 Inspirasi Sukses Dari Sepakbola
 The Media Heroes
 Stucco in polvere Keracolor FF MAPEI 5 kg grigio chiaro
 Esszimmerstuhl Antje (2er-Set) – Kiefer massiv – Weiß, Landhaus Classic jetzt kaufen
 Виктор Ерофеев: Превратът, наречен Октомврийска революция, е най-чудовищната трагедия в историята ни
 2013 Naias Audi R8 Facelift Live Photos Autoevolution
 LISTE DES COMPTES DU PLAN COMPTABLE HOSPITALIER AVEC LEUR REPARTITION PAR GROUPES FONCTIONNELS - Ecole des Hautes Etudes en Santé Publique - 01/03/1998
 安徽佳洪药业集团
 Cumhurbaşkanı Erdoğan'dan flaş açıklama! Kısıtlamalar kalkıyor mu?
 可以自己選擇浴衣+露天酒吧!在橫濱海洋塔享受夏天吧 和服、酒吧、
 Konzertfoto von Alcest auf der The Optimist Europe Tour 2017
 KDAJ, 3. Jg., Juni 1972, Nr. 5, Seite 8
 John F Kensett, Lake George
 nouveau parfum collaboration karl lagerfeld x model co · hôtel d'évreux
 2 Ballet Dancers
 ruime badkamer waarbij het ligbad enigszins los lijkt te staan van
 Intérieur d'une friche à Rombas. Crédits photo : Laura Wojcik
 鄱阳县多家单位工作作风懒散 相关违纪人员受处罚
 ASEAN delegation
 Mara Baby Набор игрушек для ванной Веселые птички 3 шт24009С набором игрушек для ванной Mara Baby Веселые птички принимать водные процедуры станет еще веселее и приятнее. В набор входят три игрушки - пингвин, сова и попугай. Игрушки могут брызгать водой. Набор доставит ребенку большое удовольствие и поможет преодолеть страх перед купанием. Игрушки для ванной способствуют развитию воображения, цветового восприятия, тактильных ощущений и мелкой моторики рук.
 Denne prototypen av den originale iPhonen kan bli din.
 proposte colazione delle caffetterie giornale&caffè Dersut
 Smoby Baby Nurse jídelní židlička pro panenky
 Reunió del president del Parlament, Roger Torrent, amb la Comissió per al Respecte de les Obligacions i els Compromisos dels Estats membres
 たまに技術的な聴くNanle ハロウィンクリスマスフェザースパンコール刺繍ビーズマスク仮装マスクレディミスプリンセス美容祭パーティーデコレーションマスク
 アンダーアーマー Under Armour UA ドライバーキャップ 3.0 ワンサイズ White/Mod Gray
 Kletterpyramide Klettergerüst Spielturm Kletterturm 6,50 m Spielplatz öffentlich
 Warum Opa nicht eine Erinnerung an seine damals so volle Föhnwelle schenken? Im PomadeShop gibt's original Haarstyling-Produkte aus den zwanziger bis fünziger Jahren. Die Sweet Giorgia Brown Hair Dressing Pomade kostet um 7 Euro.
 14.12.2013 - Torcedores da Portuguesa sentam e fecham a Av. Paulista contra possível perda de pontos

_What you need to do:_ Check each line of the listing for "Baby". Show those that have it.

_Written response:_
 Mara Baby Набор игрушек для ванной Веселые птички 3 шт24009С набором игрушек для ванной Mara Baby Веселые птички принимать водные процедуры станет еще веселее и приятнее. В набор входят три игрушки - пингвин, сова и попугай. Игрушки могут брызгать водой. Набор доставит ребенку большое удовольствие и поможет преодолеть страх перед купанием. Игрушки для ванной способствуют развитию воображения, цветового восприятия, тактильных ощущений и мелкой моторики рук.
 Smoby Baby Nurse jídelní židlička pro panenky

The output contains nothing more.